# DATA SEGMENT
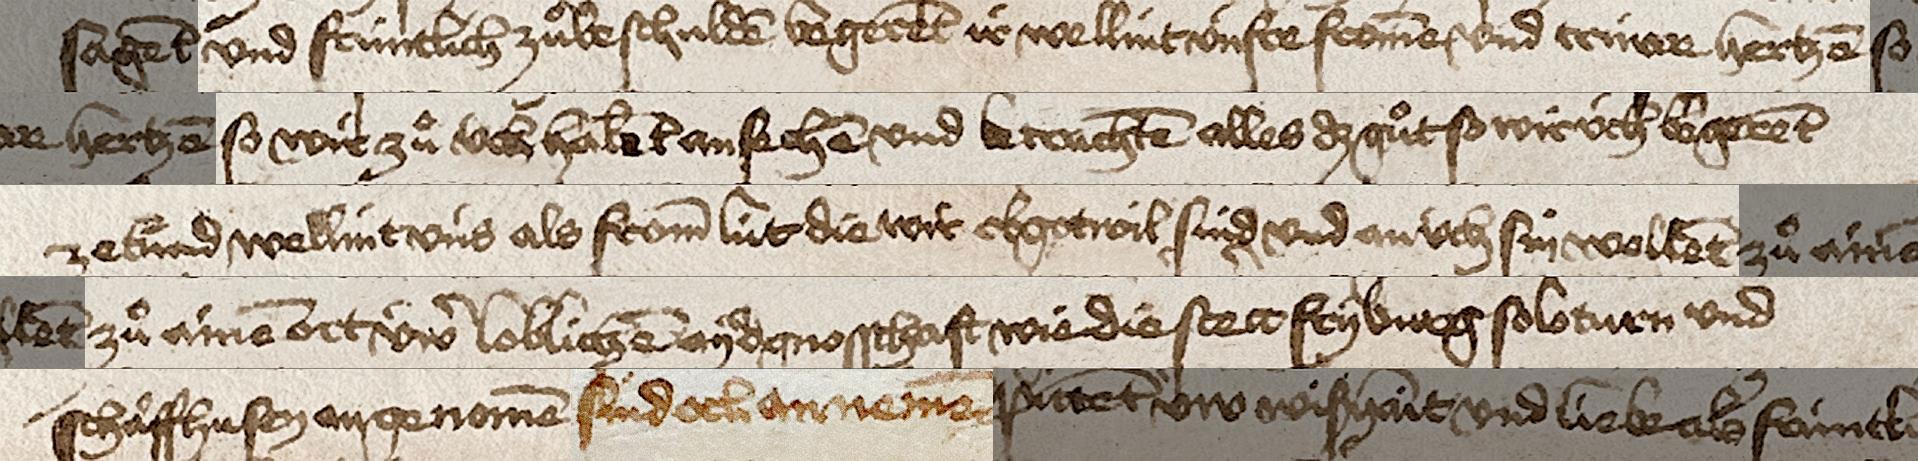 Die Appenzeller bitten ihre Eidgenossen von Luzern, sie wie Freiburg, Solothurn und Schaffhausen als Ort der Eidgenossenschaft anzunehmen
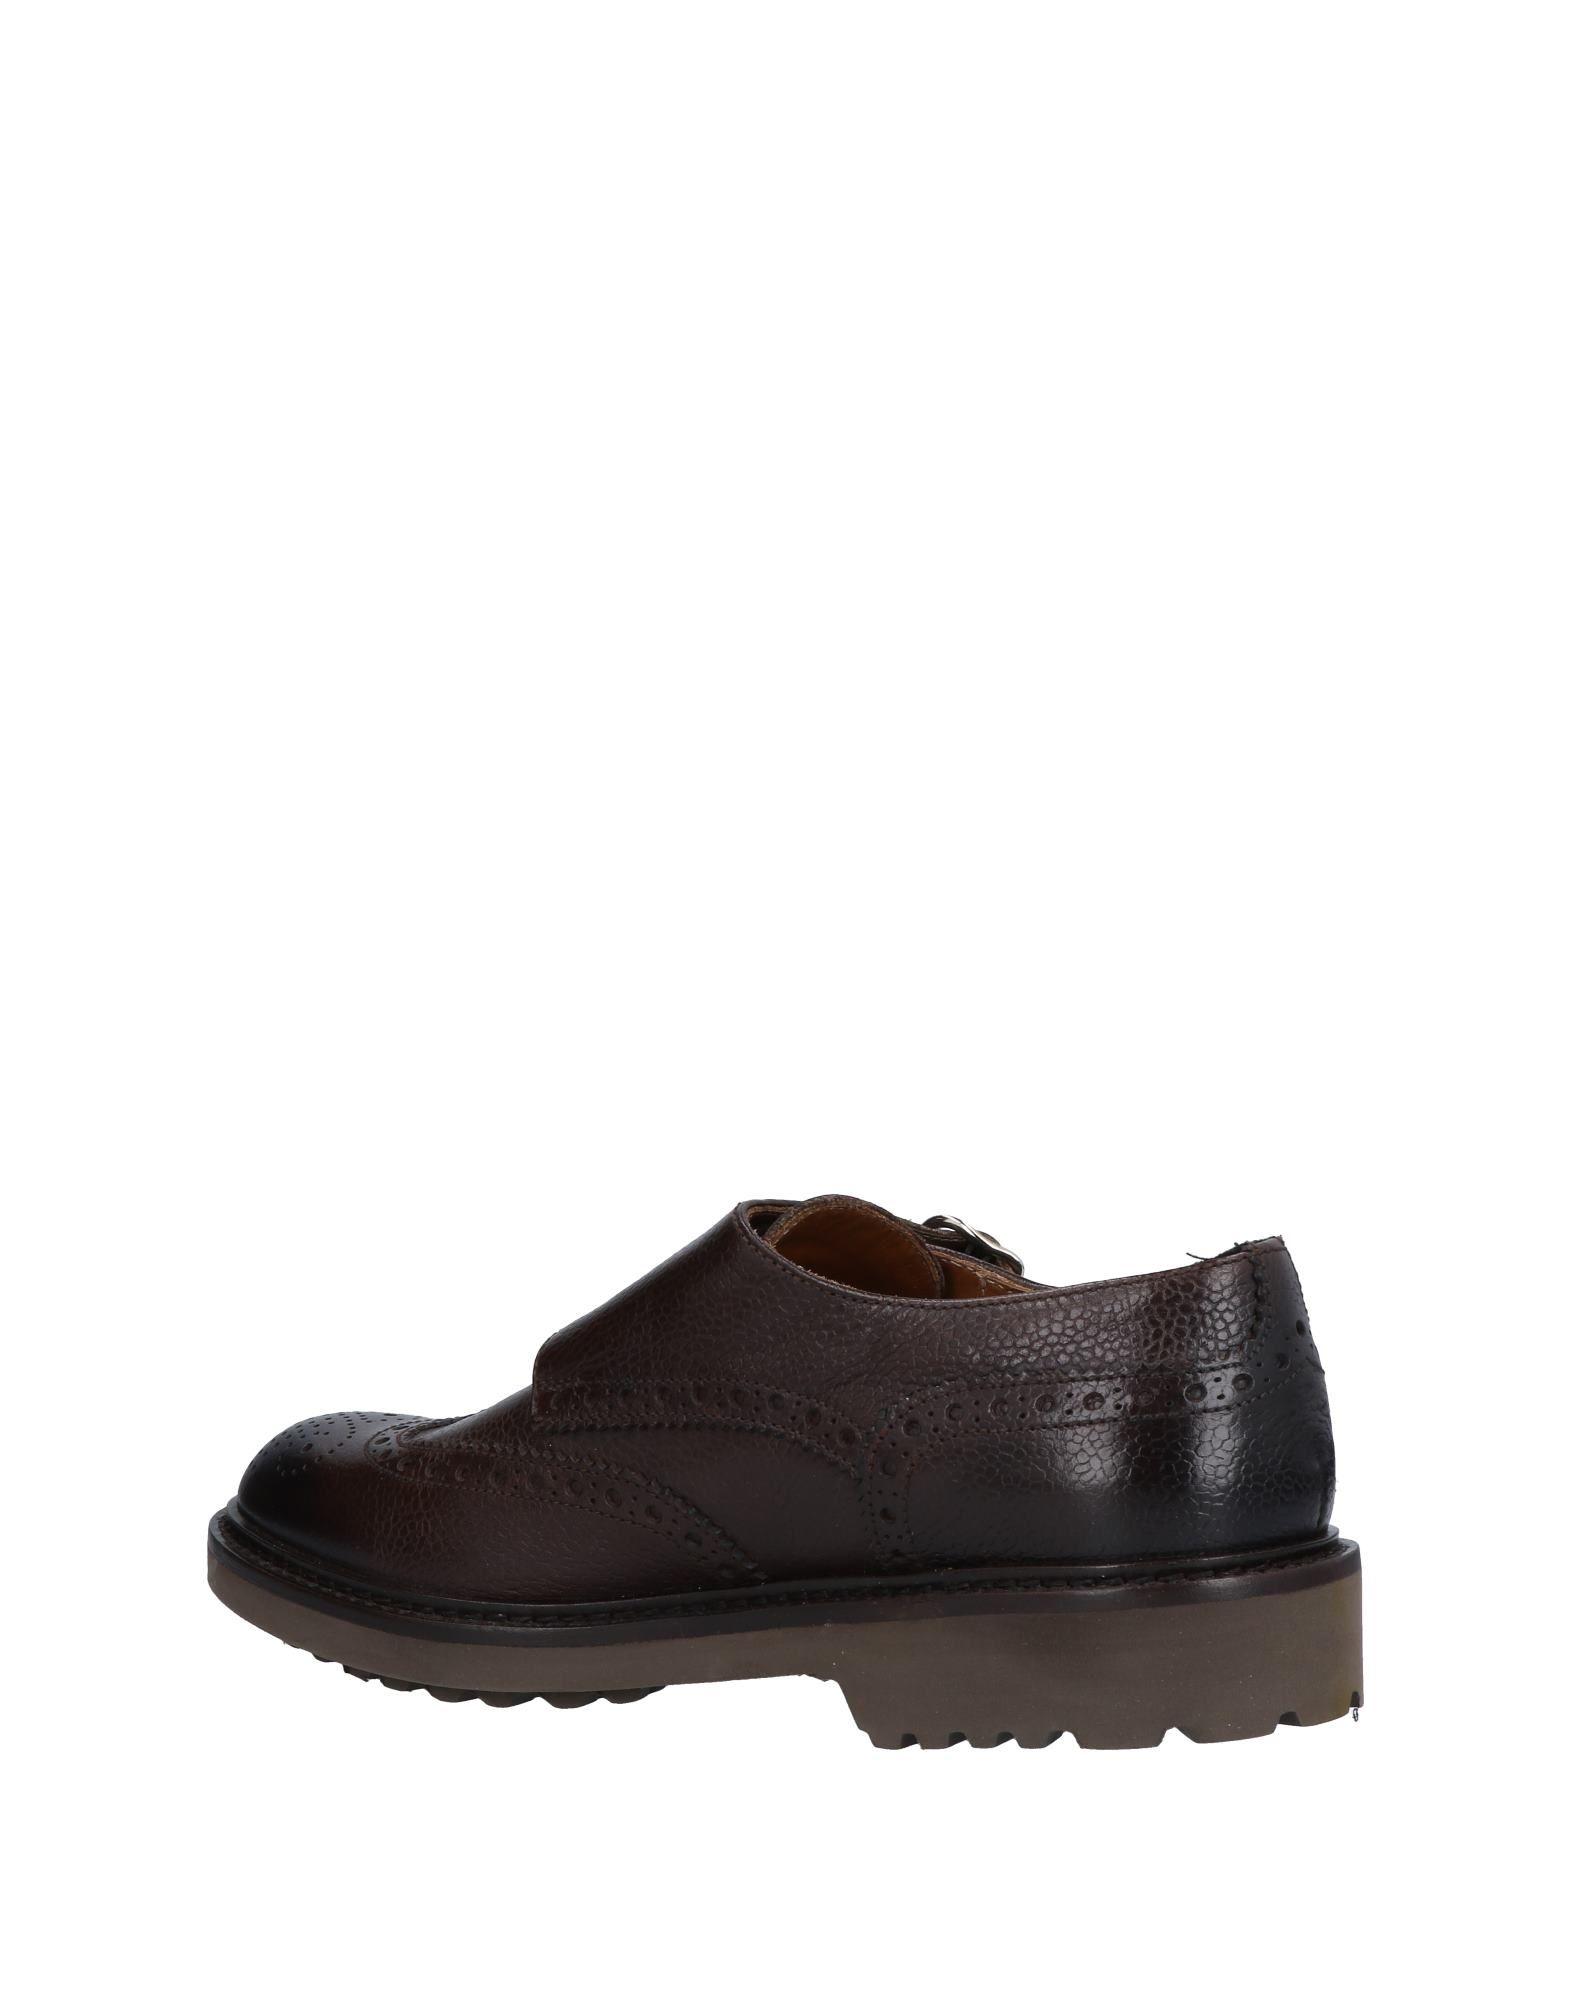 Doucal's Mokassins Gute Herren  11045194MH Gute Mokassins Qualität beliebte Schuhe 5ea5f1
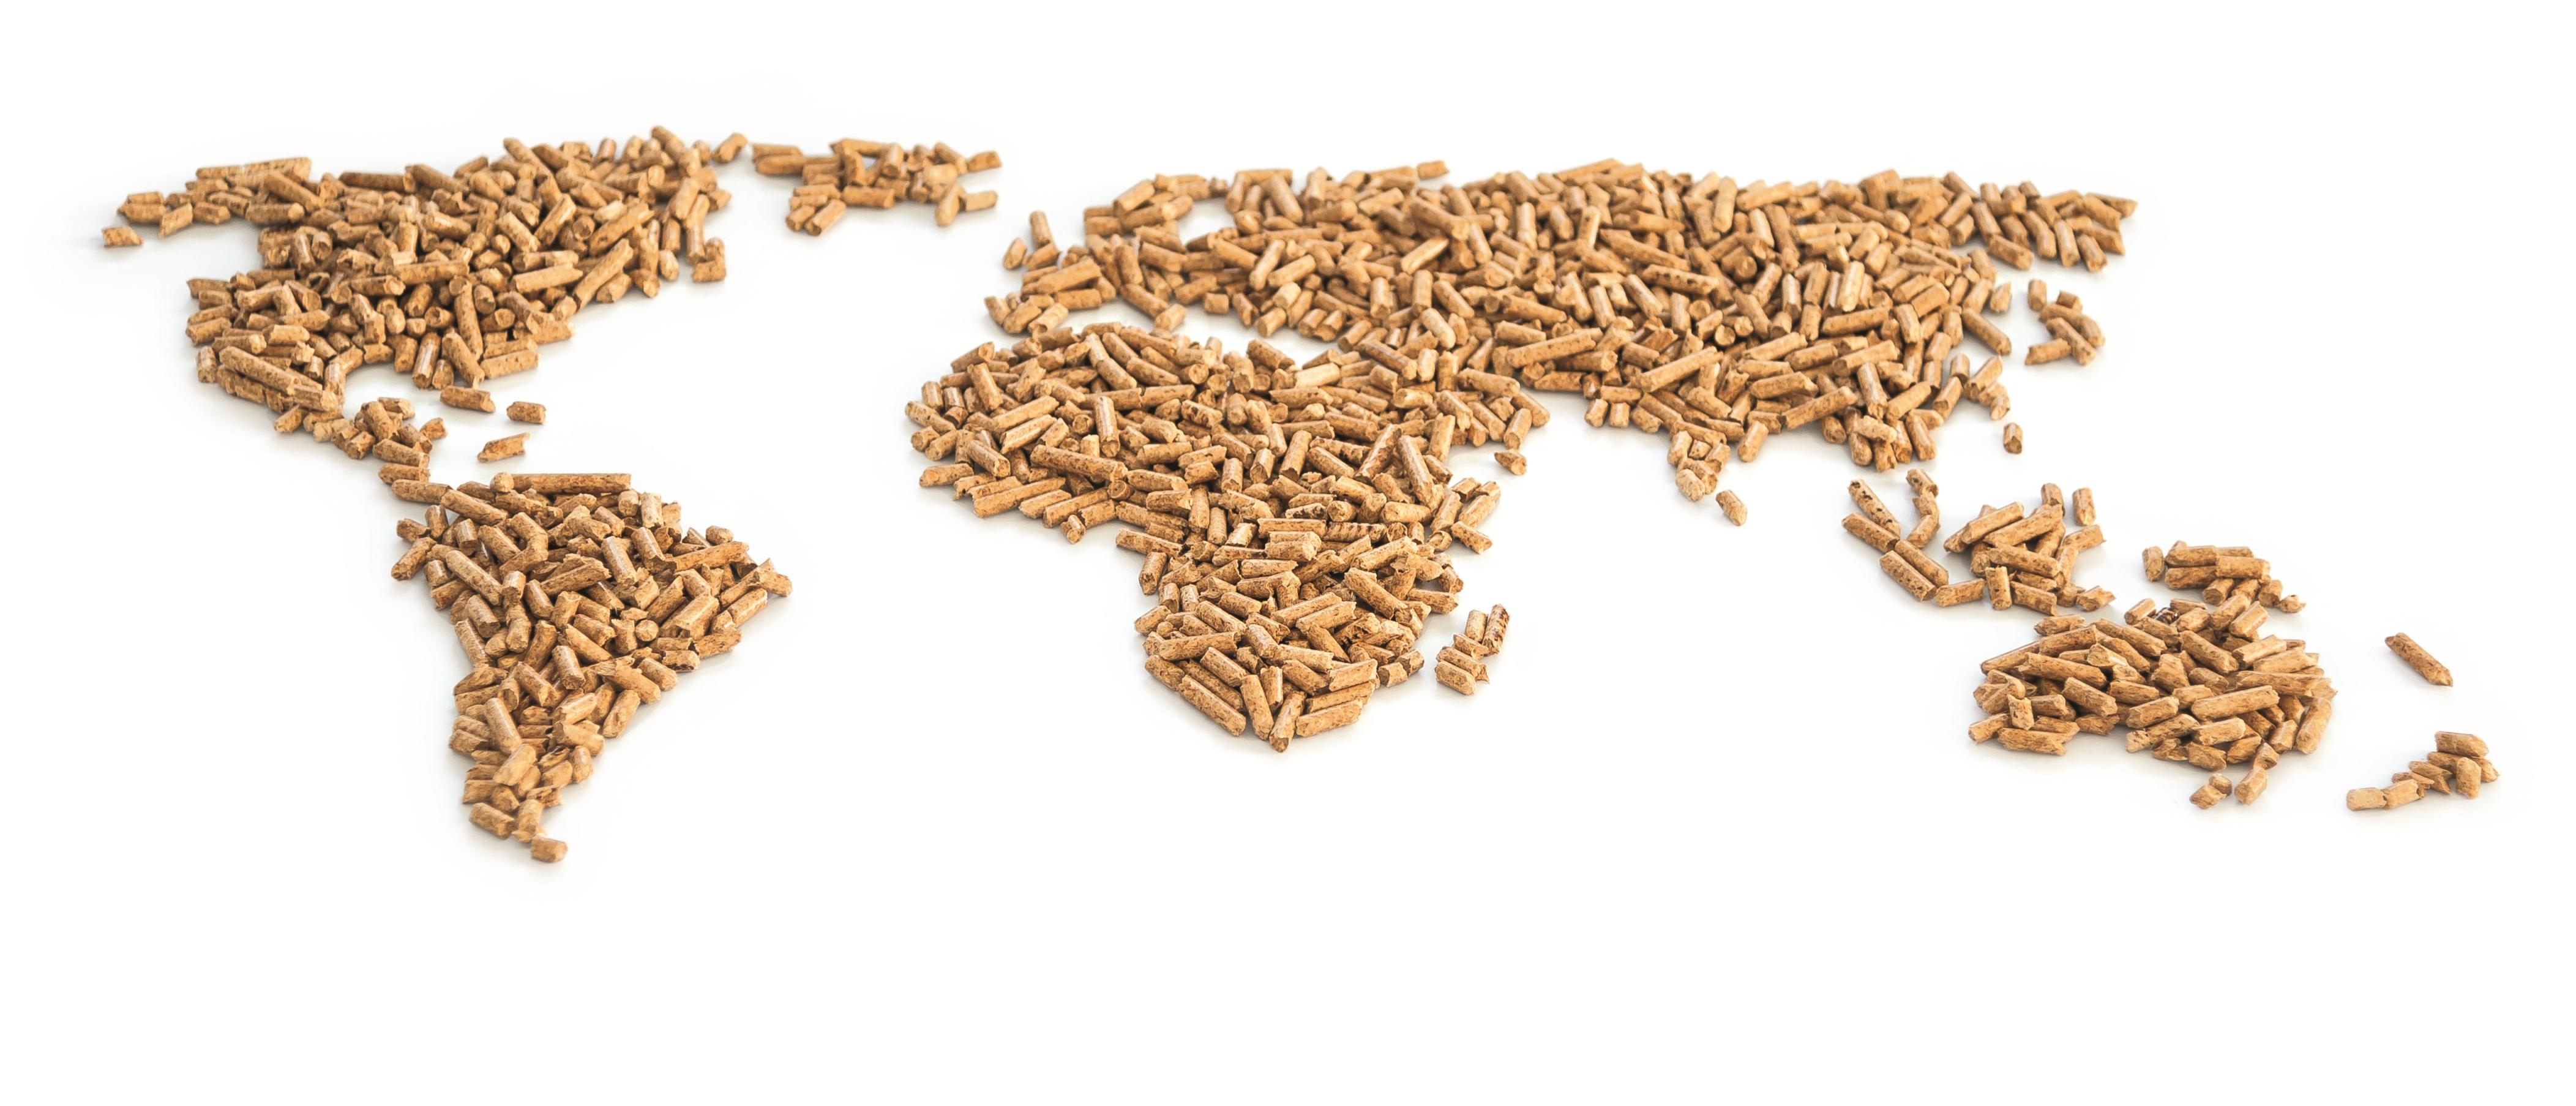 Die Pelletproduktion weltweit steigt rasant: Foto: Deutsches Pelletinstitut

# EXERCISE OBJECTIVE
Leave out every picture and copy verbatim the lines running from the line containing "Doucal's Mokassins Gute" through the final line of the data.

# EXERCISE RESPONSE
 Doucal's Mokassins Gute Herren  11045194MH Gute Mokassins Qualität beliebte Schuhe 5ea5f1
 Die Pelletproduktion weltweit steigt rasant: Foto: Deutsches Pelletinstitut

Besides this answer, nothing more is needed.